ですので甲野先生に質問しても「???」となるなのでご注意下さい(笑)

緊急稽古会は、甲野先生の『浮木の腿(ふぼくのたい)』に変化が見られたためのもの。
”緊急”という名前のせいか、久しぶりに参加される方も多かったようだ。

その参加者の1人に甲野先生の技に対して、独特の反応を示す方がいた。
やっていたのは『斬込入身(きりこみいりみ)』が変化した『袈裟斬り入身(仮)』。
手刀どうしで相手がこちらの手を払ってくるのを構わず、袈裟斬りの形でこちらも払うというもの。
甲野先生はもちろん対応されていたが、甲野先生に言われて、私もこの方に受けていただくことになった。
「彼はなかなかやりにくい。ちょっとやってごらんなさい。」

私なりの『浮木の腿』でやってみると意外と悪くない。
面白くなってきたので、そのまま甲野先生を囲む輪の外で、受けてくれた方と攻守を後退したりして稽古を続けた。
(なんとなく見た目で)中国拳法か何かをされているのかと聞いてみたら、以前甲野先生の講座に通われていたという方だった。
独特の動きは対甲野先生の動きだったのだろうか。

そこからは周りで稽古をやりはじめる人達が出てきた。
恵比寿の道場の広さというか狭さもあって独特のカオスな感じがして良かった。

私はそのまま輪の外で稽古を続けた。
Sさんと太刀奪りの稽古をしていると、先程の方と、総合格闘技をされているというT井さんも合流。
Sさんとの稽古では、Sさんが気配を消して打ってくる場合と、気配を出して打ってくる場合で比較出来た。
前者は打ち気を感じた時にはもう間に合わない。しかし間に合わない中で引き出される動きがある。
後者は打つ気を感じて動けはある程度間に合う。間違っても良いからとにかく迷いなく動くことが重要だ。

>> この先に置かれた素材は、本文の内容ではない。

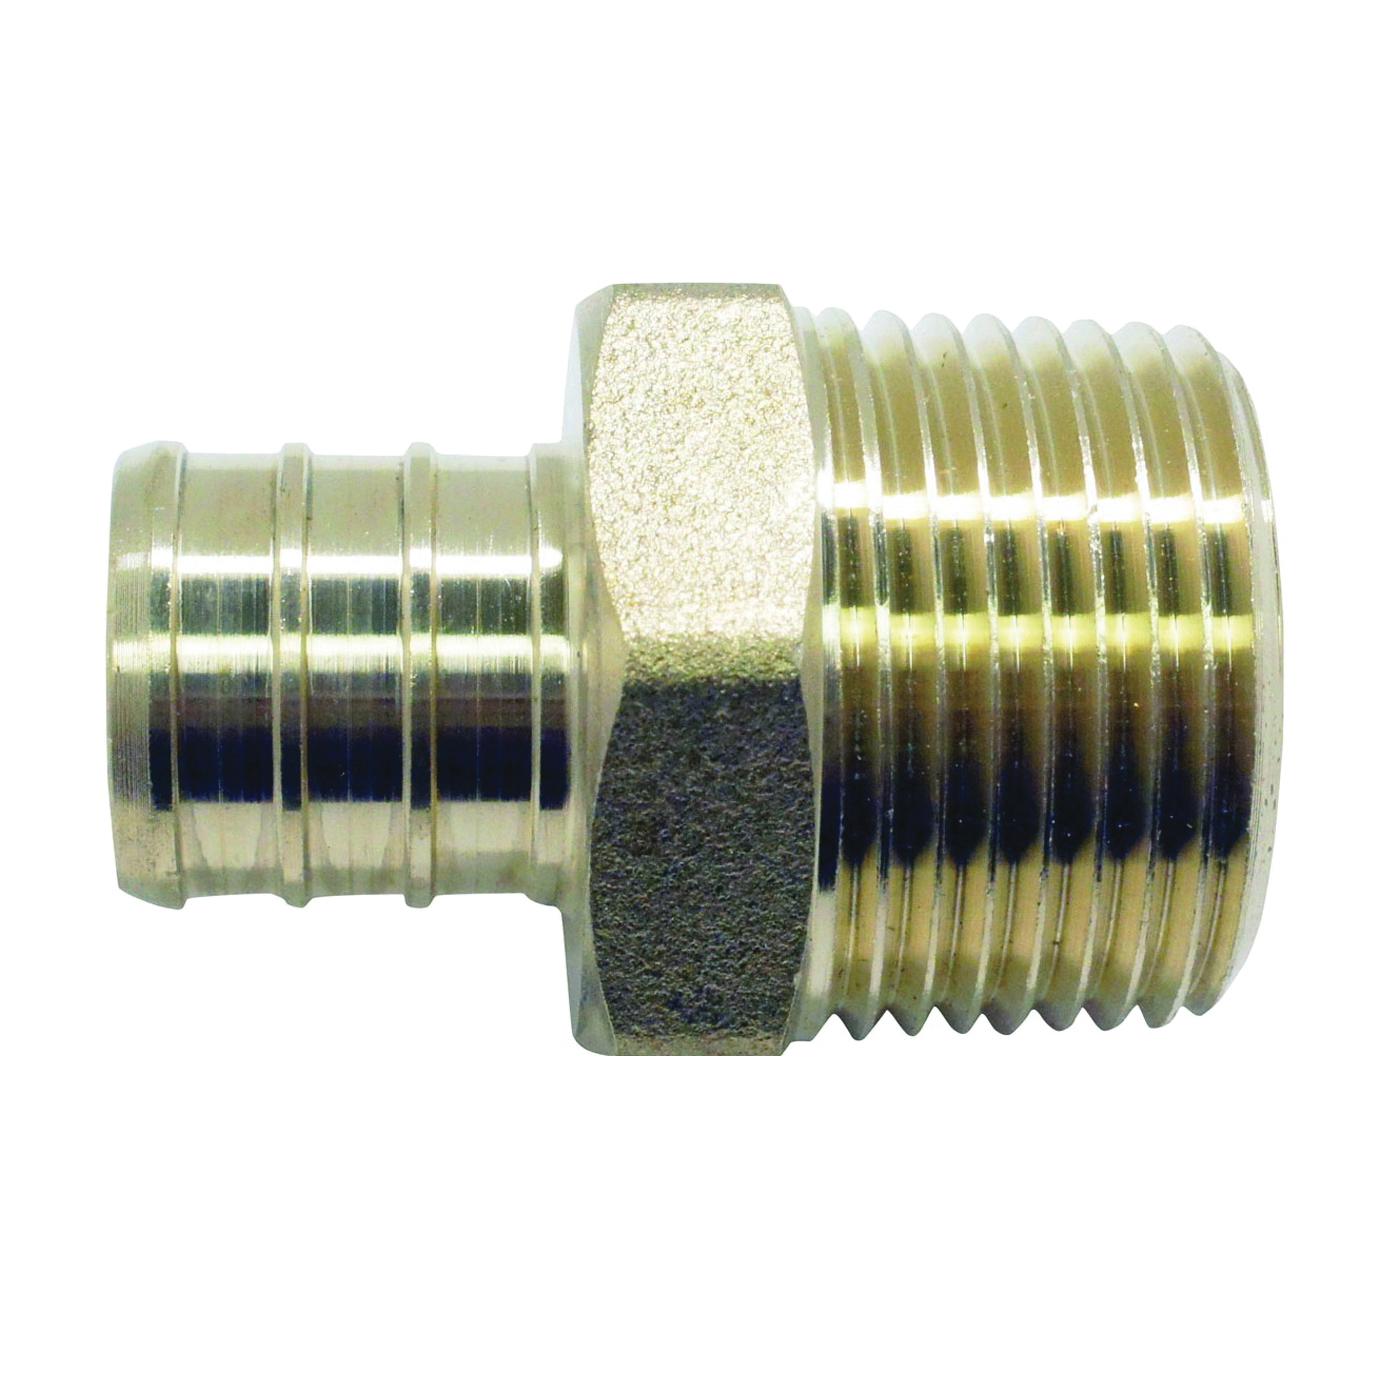 Picture of Apollo APXMA11 Pipe Adapter, 1 in, PEX x MPT, Brass, 200 psi Pressure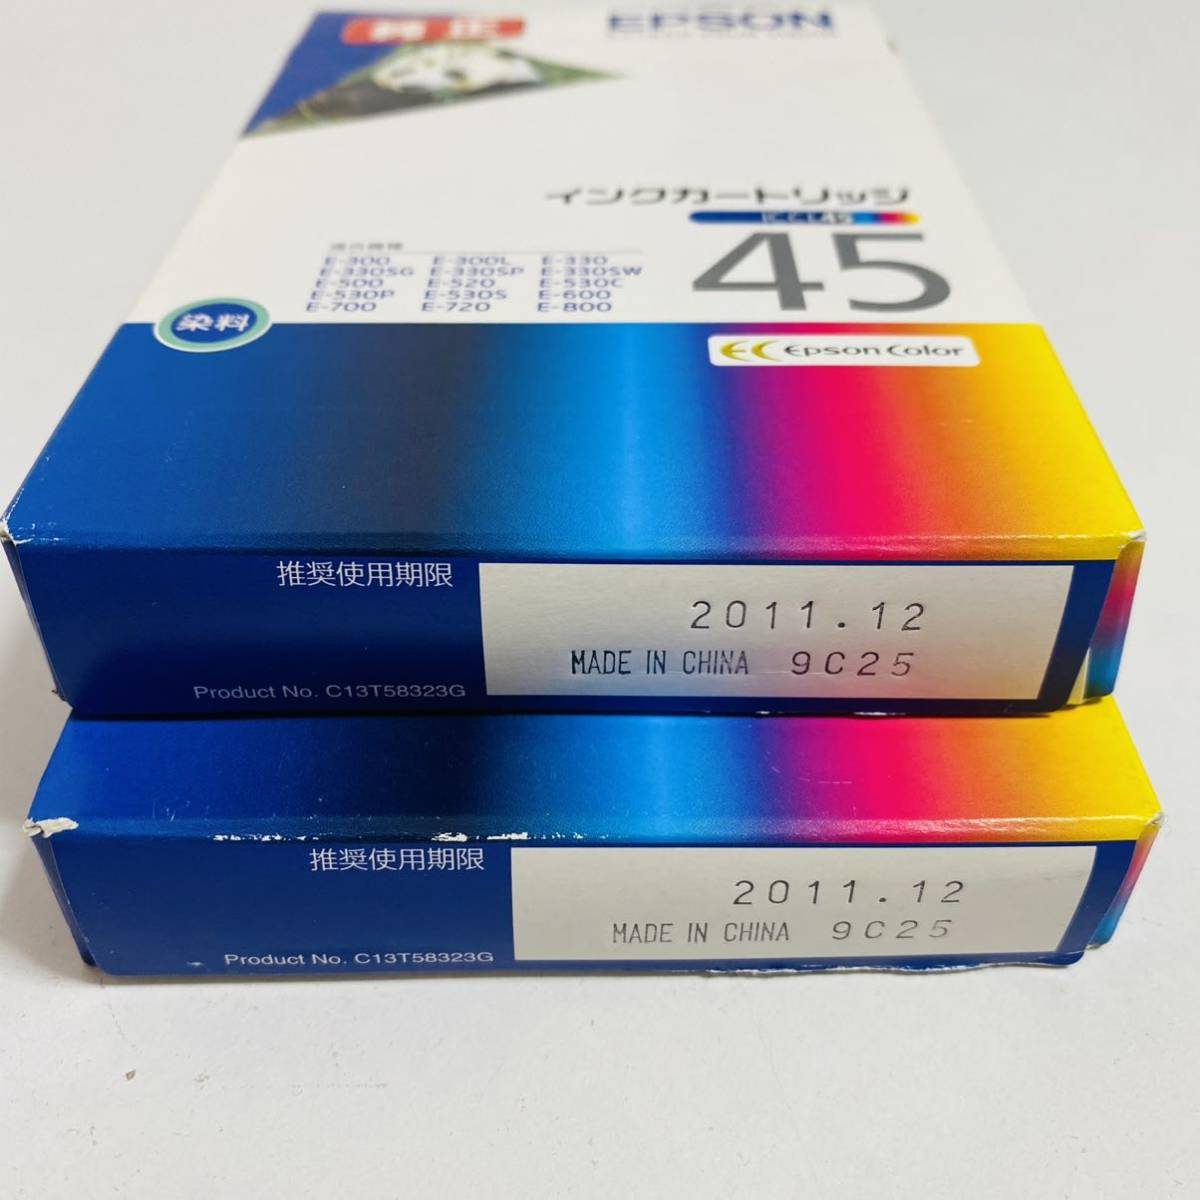 【未開封品】EPSON エプソン 純正インクカートリッジ ICCL45 期限切れ 2個セット_画像2

私が受けになって、相手の太刀奪りを受けた感じや、甲野先生がする説明をあらためて繰り返すように説明していて、自分でもなかなか理解出来ているじゃないかと我ながら感心しつつ説明を続けていた。
・取りは相手の柄を抑えるつもりで真っ直ぐ向かっていく
・横方向に逃げずに最小限の動きで躱す

これがないとたとえ躱せても次がないのだ。
出来ると受けに振らされる感じが出てくる。
躱すのだけれど動きは相手に向かっていく動きなので、ほとんど半身を切るくらいの体捌きで剣を躱す。
相手に向かいつつ半身で躱すと、ほとんどすれ違うように躱すことになる。
躱した時には相手と並ぶくらいの位置まで入っている。
やっていて左半身が残って剣があたる場合がある、このような時は左手を下げる動きを貰って左半身を回収するように意識すると良い。

このようにアドバイスをしながら続けていると目の前でみるみる上達していくのがわかる。
ちょっと離れていて戻ってきたSさんが驚くほどの変化をしていたのだから明らかに変わったということだろう。
つまり何が言いたいかと言うと、教えるの上手なんじゃないの自分。ということ(笑)
ちなみにT井さんはこの後で『辰己返し』も出来るようになったので、やっぱりそうに違いない。と繰り返してみる。
ただ、私のアドバイスは技の本質(と私が思っている部分)を大事にしつつ、条件設定は厳しすぎずという方針なので、私以外の人に自由に受けて貰った場合に同じように出来るかはまた別の課題だ。
良かったときの感触(のなさ)は味わっているはずなので、色々と試して貰いたい。

肝心の甲野先生の話を書いていない。
甲野先生の『浮木の腿』については、別の日記に書くとしよう。
そもそも『浮木の腿(ふぼくのたい)』って何?って思っている人もいると思うし。